Adaptive Intrusion Detection for Evolving RPL IoT Attacks Using Incremental Learning
- URL: http://arxiv.org/abs/2511.11464v1
- Date: Fri, 14 Nov 2025 16:35:48 GMT
- Title: Adaptive Intrusion Detection for Evolving RPL IoT Attacks Using Incremental Learning
- Authors: Sumeyye Bas, Kiymet Kaya, Elif Ak, Sule Gunduz Oguducu,
- Abstract summary: We investigate incremental learning as a practical and adaptive strategy for intrusion detection in RPL-based networks.<n>Our analysis highlights that incremental learning restores detection performance on new attack classes and mitigates catastrophic forgetting of previously learned threats.

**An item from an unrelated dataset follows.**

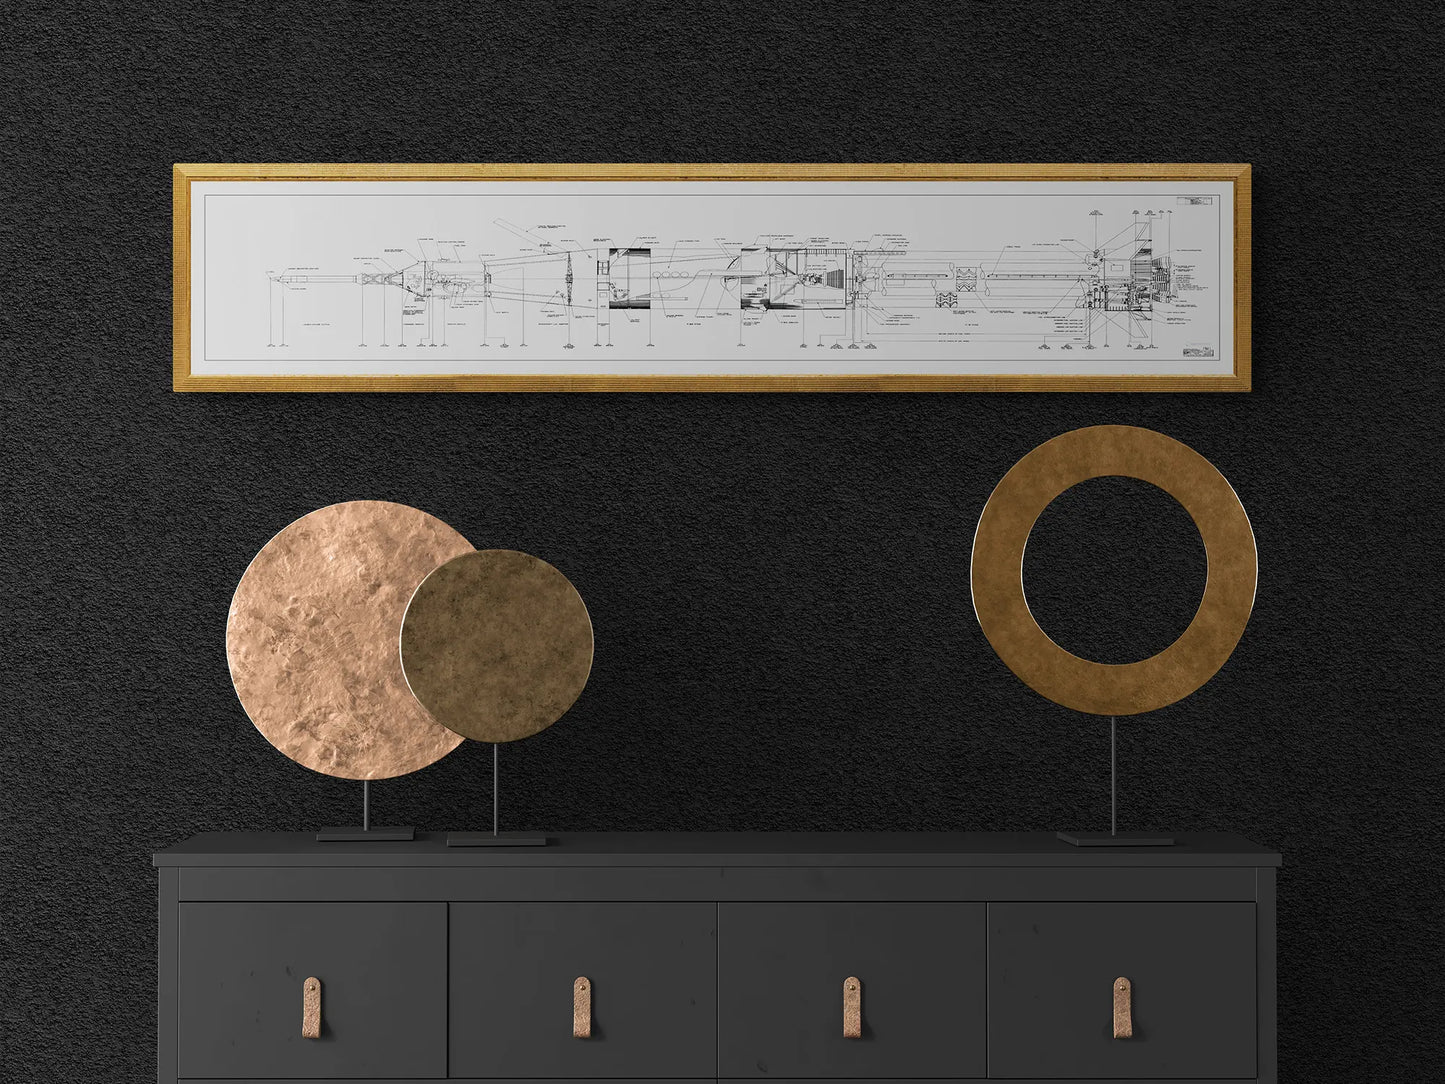 Apollo Saturn Blueprint | NASA posters | Technical blueprint diagram of an spacecraft | A minimalist interior featuring a black dresser with bronze handles. On top of the dresser are two circular metal sculptures, one solid and one with a central hole. Above the dresser, a gold-framed technical diagram of the NASA Saturn IB rocket is displayed against a dark textured wall.

- Score: 0.13999481573773068
- License: http://arxiv.org/licenses/nonexclusive-distrib/1.0/
- Abstract: The routing protocol for low-power and lossy networks (RPL) has become the de facto routing standard for resource-constrained IoT systems, but its lightweight design exposes critical vulnerabilities to a wide range of routing-layer attacks such as hello flood, decreased rank, and version number manipulation. Traditional countermeasures, including protocol-level modifications and machine learning classifiers, can achieve high accuracy against known threats, yet they fail when confronted with novel or zero-day attacks unless fully retrained, an approach that is impractical for dynamic IoT environments. In this paper, we investigate incremental learning as a practical and adaptive strategy for intrusion detection in RPL-based networks. We systematically evaluate five model families, including ensemble models and deep learning models. Our analysis highlights that incremental learning not only restores detection performance on new attack classes but also mitigates catastrophic forgetting of previously learned threats, all while reducing training time compared to full retraining. By combining five diverse models with attack-specific analysis, forgetting behavior, and time efficiency, this study provides systematic evidence that incremental learning offers a scalable pathway to maintain resilient intrusion detection in evolving RPL-based IoT networks.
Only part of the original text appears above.